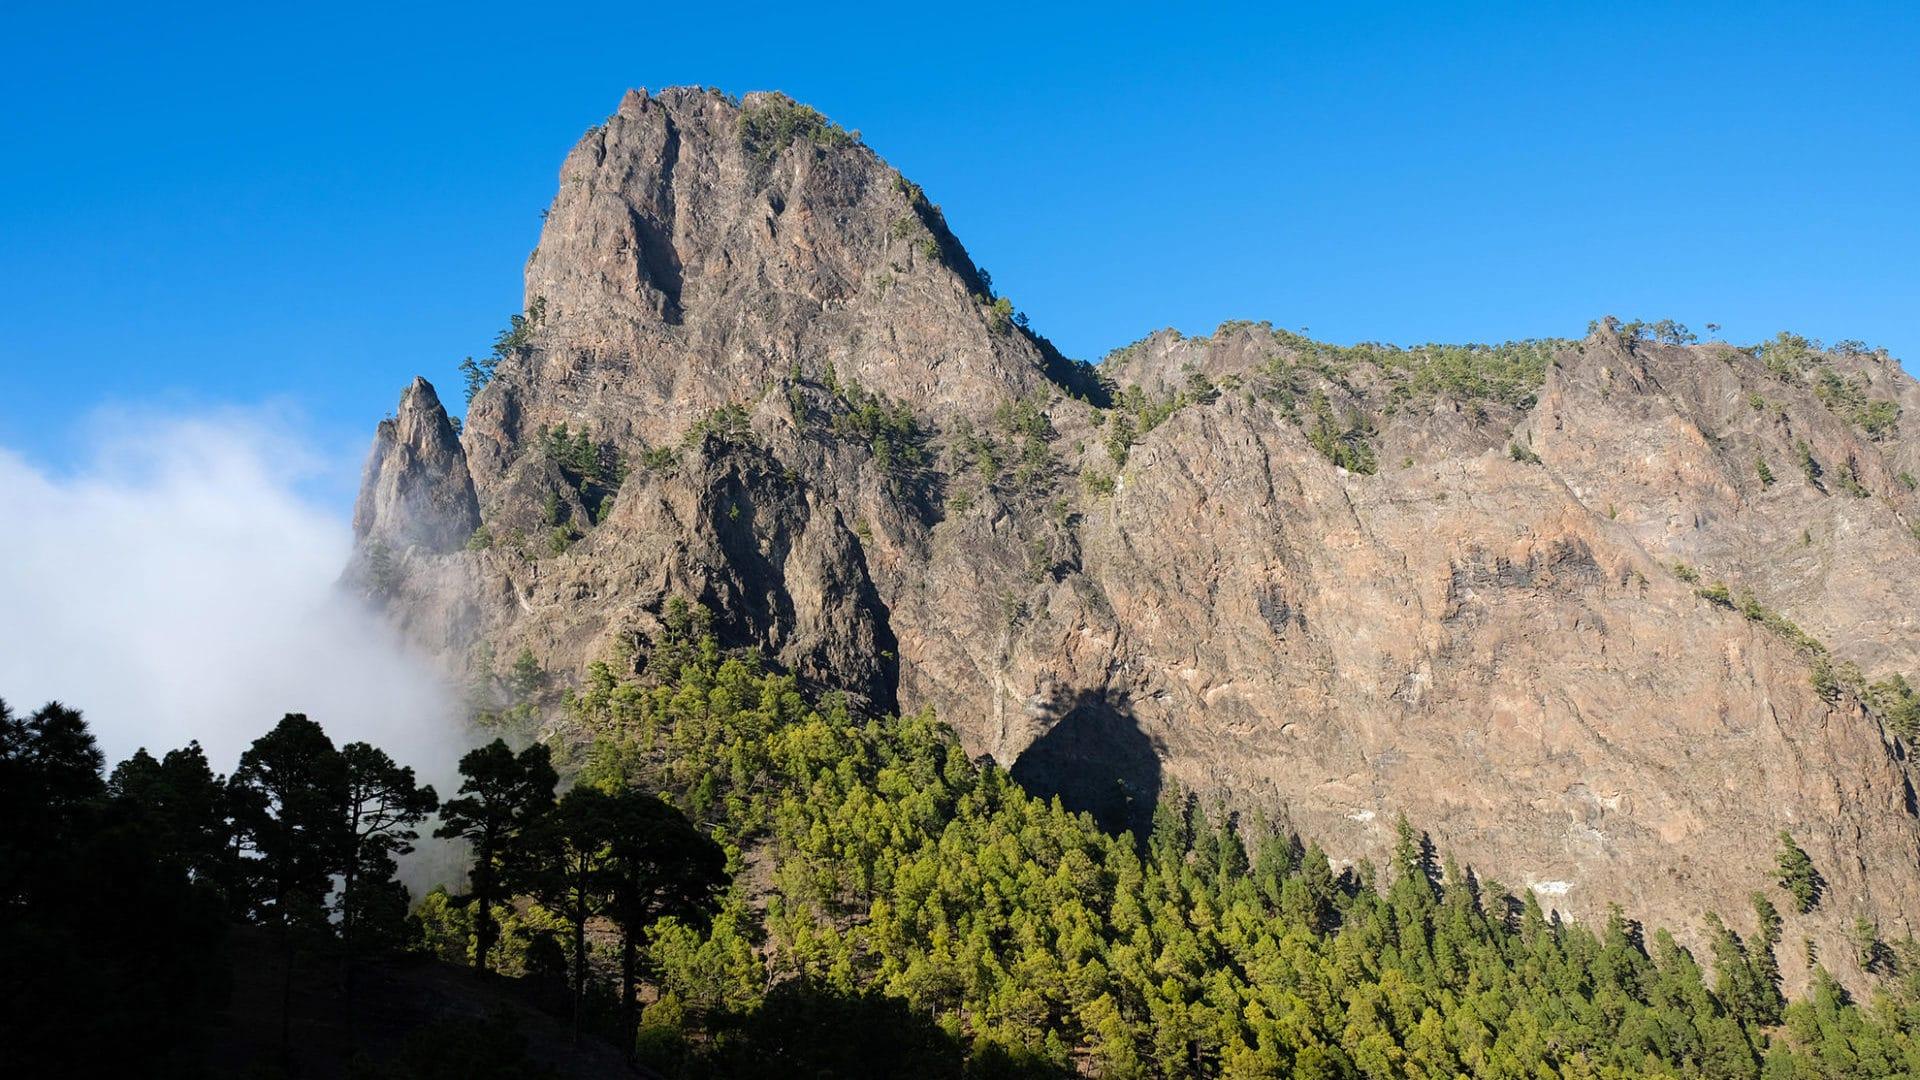 Caldera de Taburiente La Palma Natural Canarie
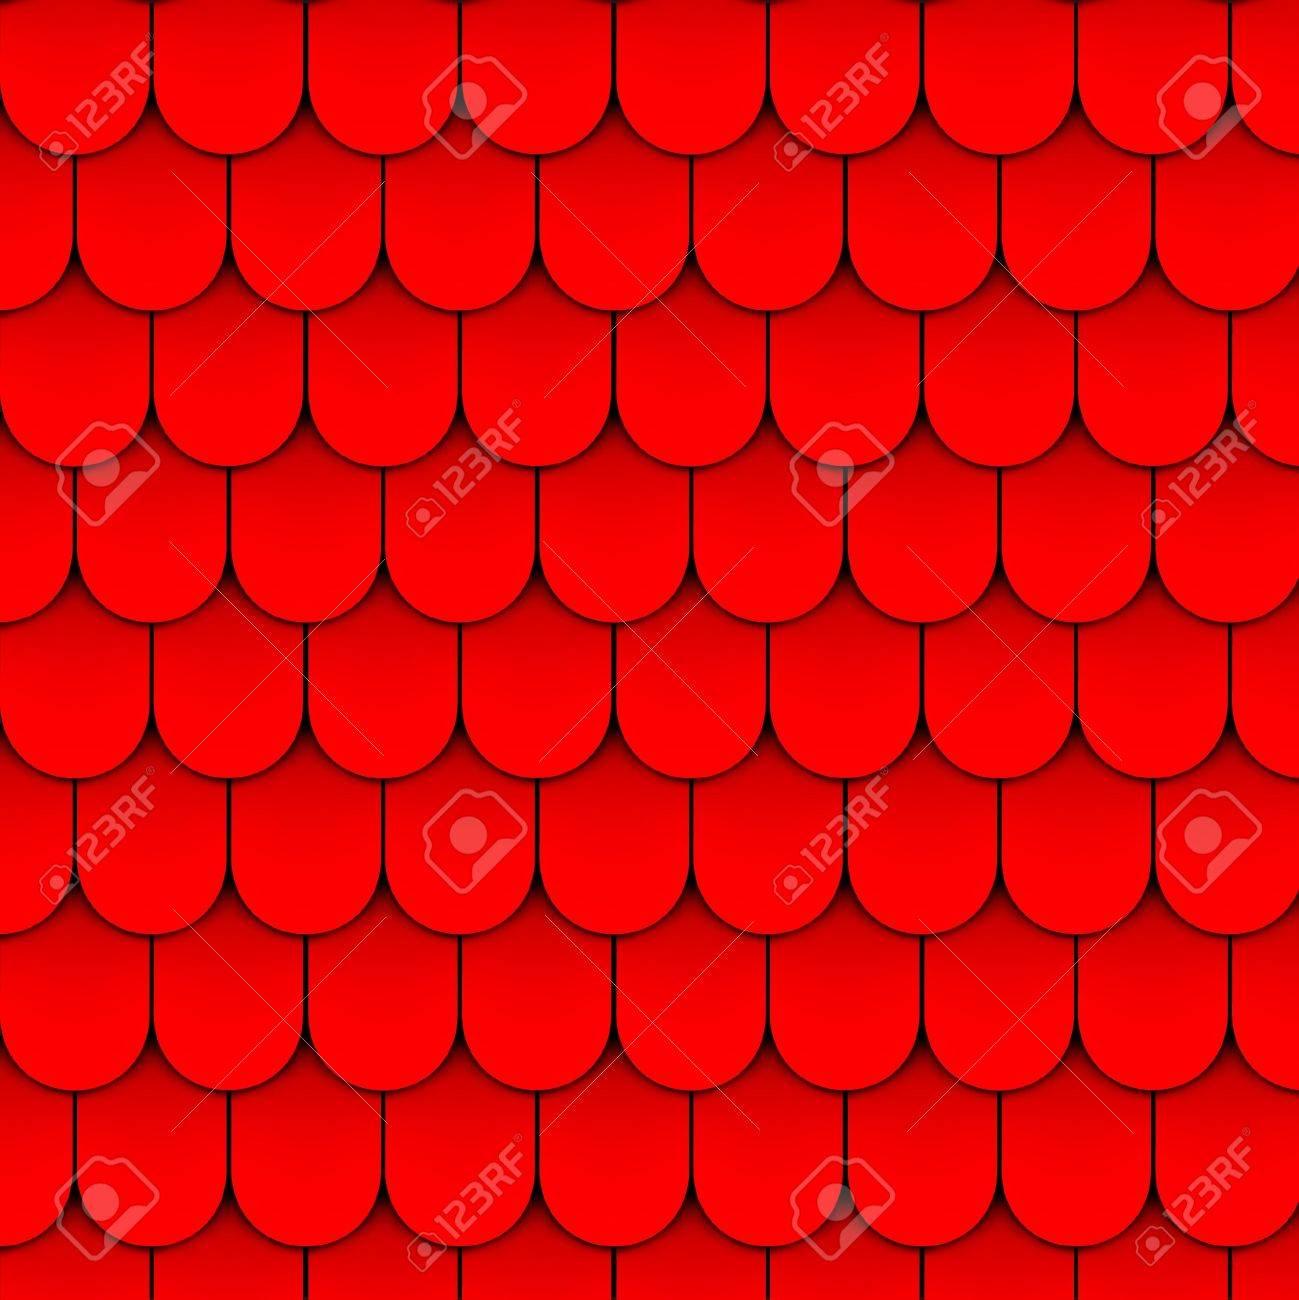 Ardoise rouge
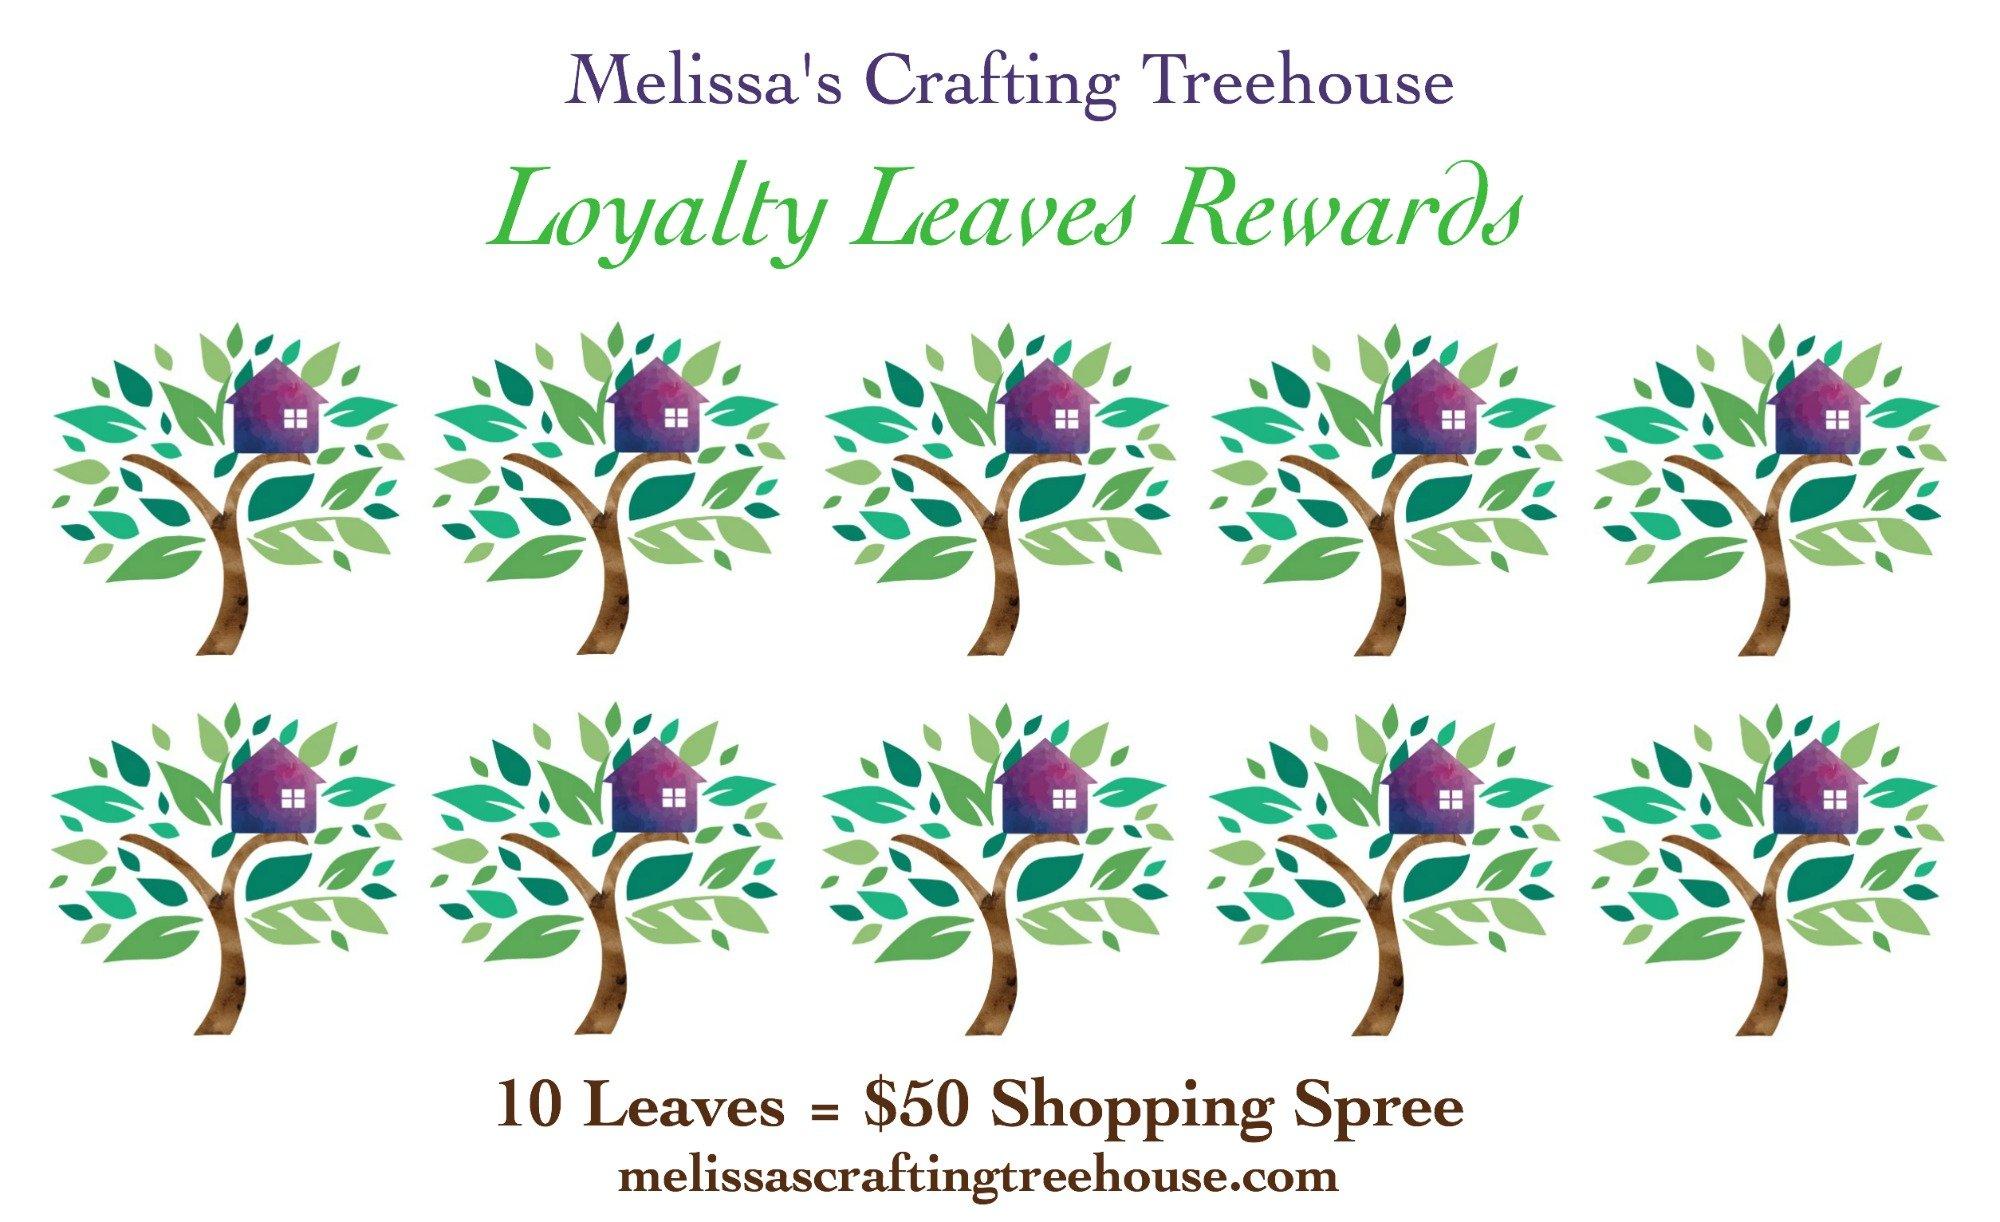 Melissa's Crafting Treehouse Loyalty Leaves Customer Rewards Program

### Exercise instructions:
All of the material is to be reproduced verbatim, pictures excluded.

### Final answer:
 Caldera de Taburiente La Palma Natural Canarie
 Ardoise rouge
 Melissa's Crafting Treehouse Loyalty Leaves Customer Rewards Program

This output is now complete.